Unique Lipoprotein Profile in Patients with Phenylketonuria Demonstrated with NMR Spectroscopy
Phenylketonuria, a rare metabolic disorder, is caused by mutations in phenylalanine hydroxylase (PAH) gene and results in high phenylalanine (Phe) in blood and the brain.
In this study, 22 patients with PKU (mean age 38.7 years) and 14 control patients (mean age 35.2 years) were included. Plasma with NMR spectroscopy and quantified 105 lipoprotein parameters (including lipoprotein subclasses) and 24 low molecular weight parameters were investigated.
In PKU patients versus controls, total cholesterol was significantly lower (179.4 vs 200.9 mg/dL [P < 0.02]) as well as LDL-cholesterol (79.5 vs 104.1 mg/dL [P < 0.0038]). Lower levels of 22 LDL subclasses were found in patients with PKU and there was a negative correlation of total cholesterol and LDL-cholesterol with concurrent Phe level. VLDL5-free cholesterol, VLDL5-cholesterol, VLDL5-phospholipids, and VLDL4-free cholesterol showed a significant (P < 0.05) negative correlation with concurrent Phe level. When compared with control, patients with PKU Tyrosine, glutamine, and creatinine were significantly lower whereas citric and glutamic acids were significantly higher.

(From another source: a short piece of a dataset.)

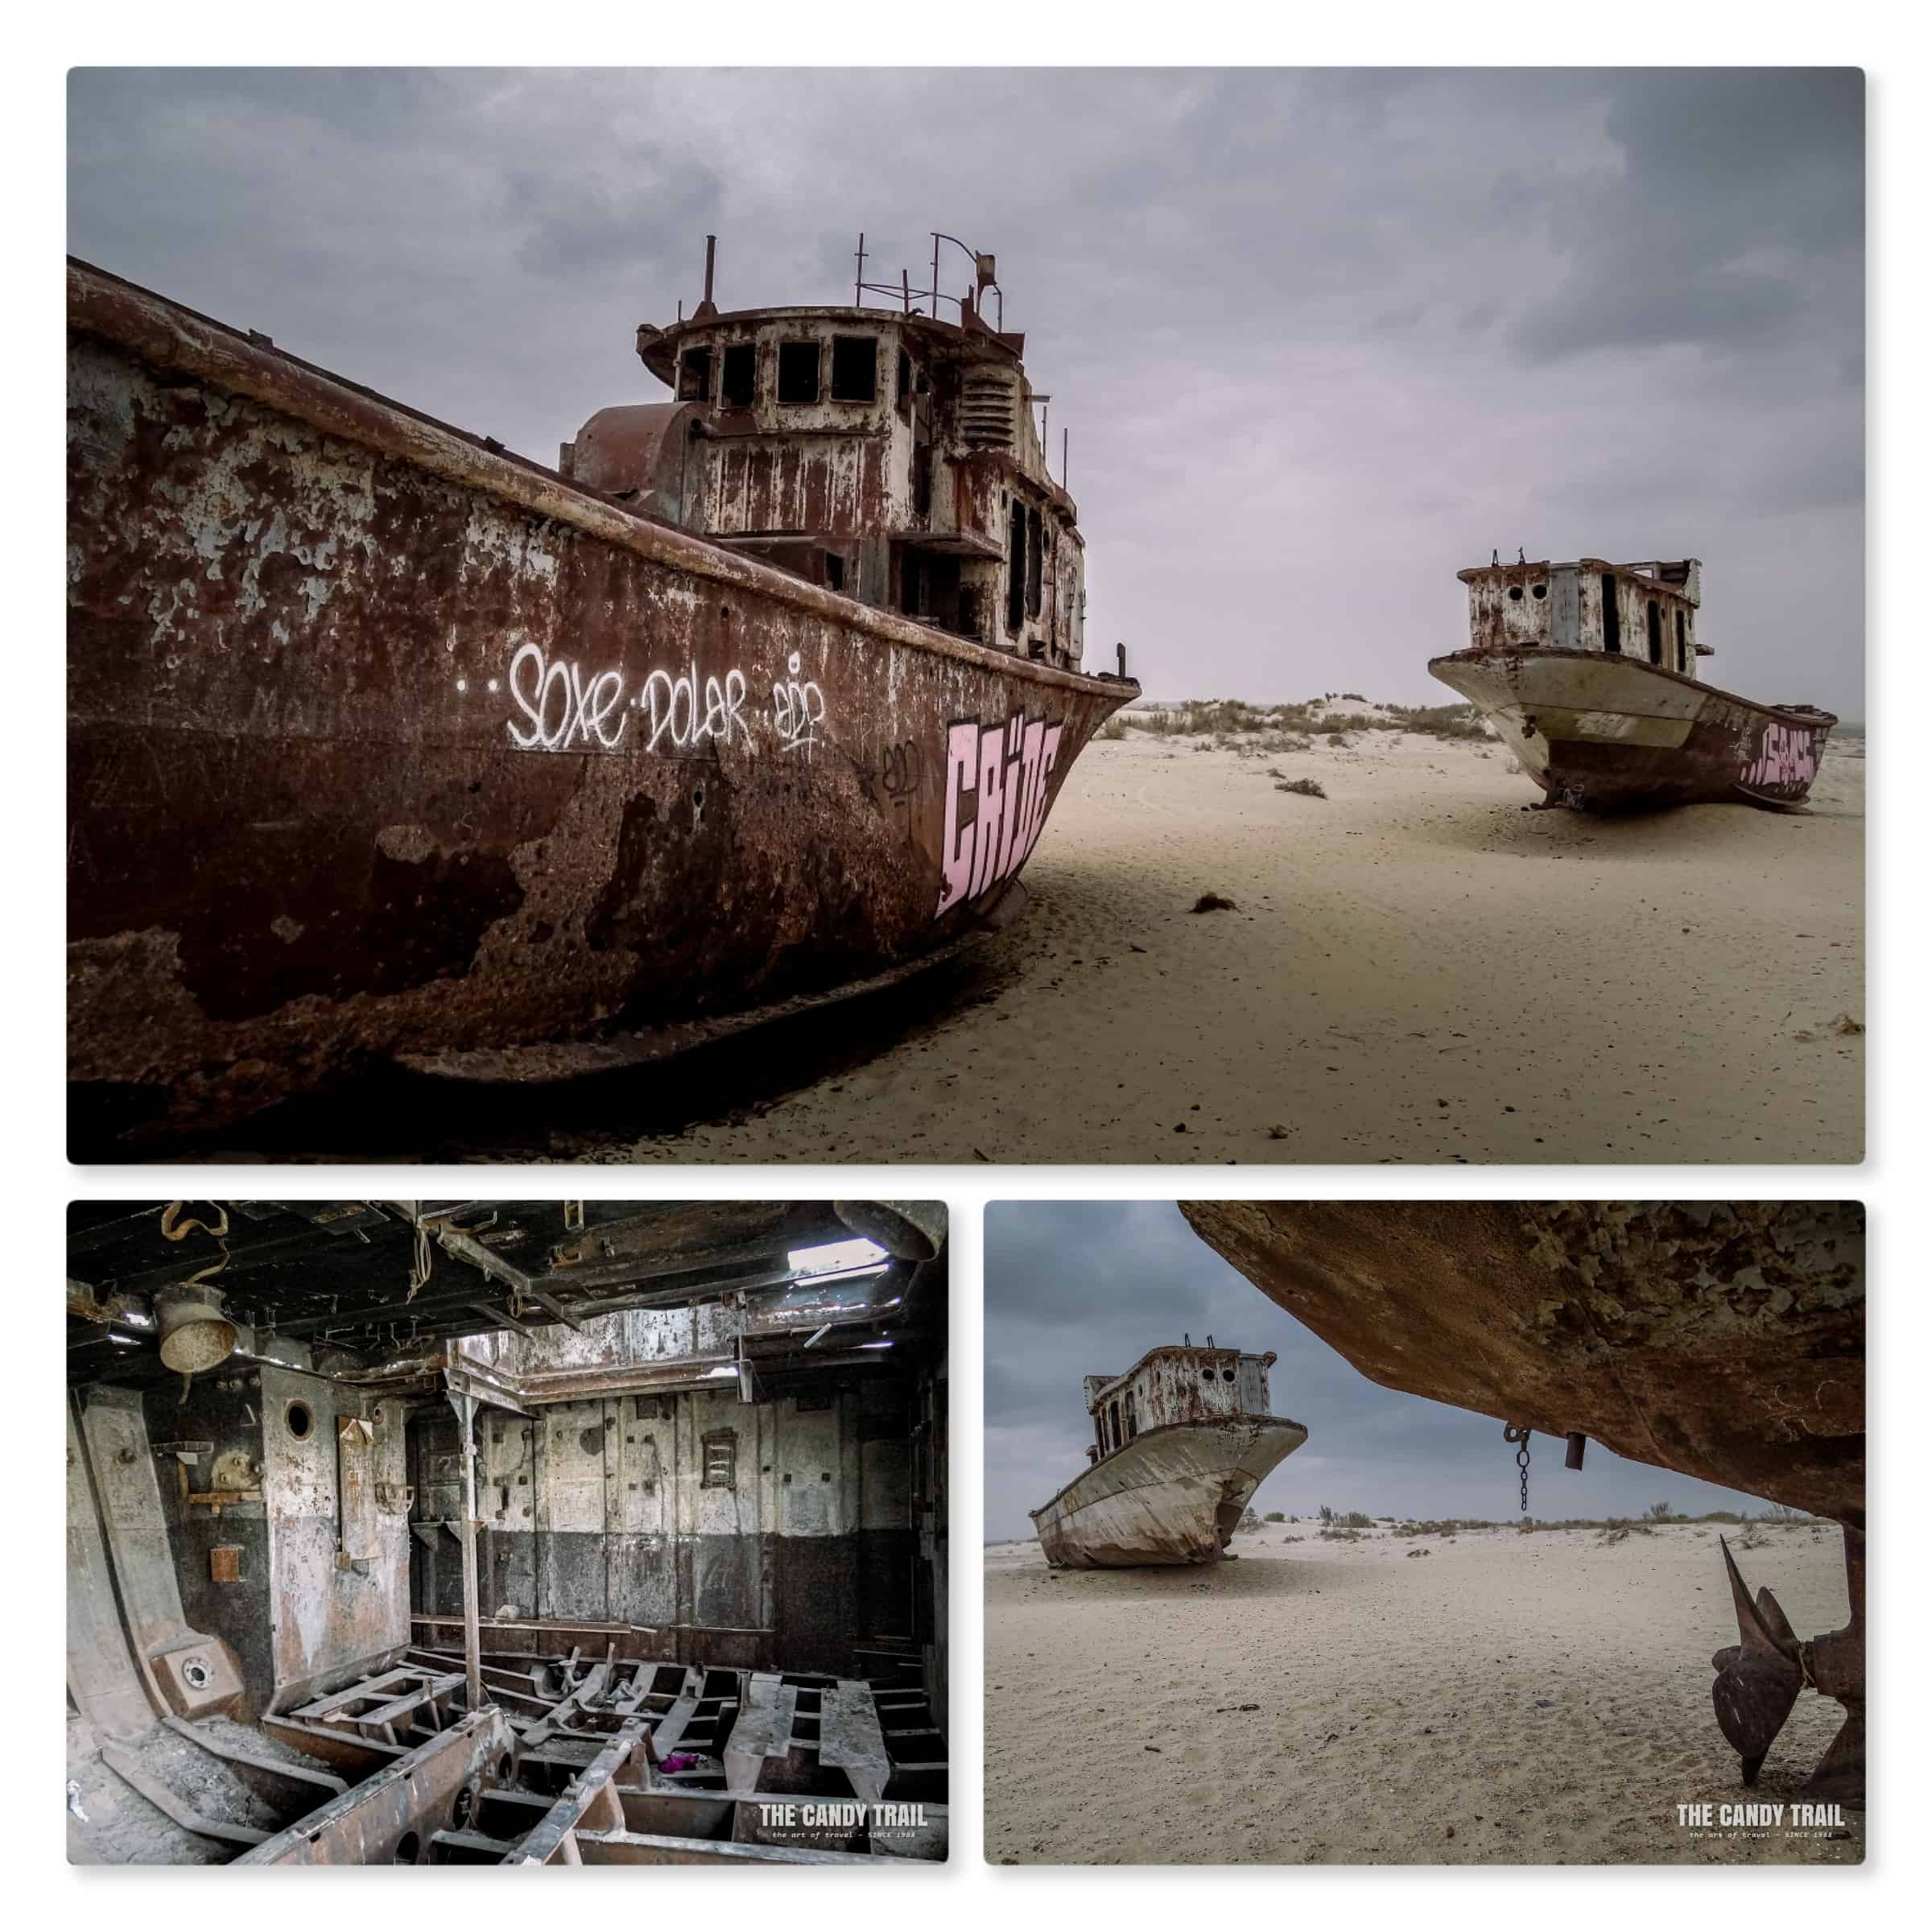 rusty ships aral sea images at moynaq in uzbekistan

The authors concluded that, “Using NMR spectroscopy, a unique lipoprotein profile in PKU patients can be demonstrated which mimics a non-atherogenic profile as seen in patients treated by statins.”
Cannet C, Pilotto A, César Rocha J, et al. Lower plasma cholesterol, LDL-cholesterol and LDL-lipoprotein subclasses in adult phenylketonuria (PKU) patients compared to healthy controls: results of NMR metabolomics investigation. Orphanet J Rare Dis. 2020;15(1):61.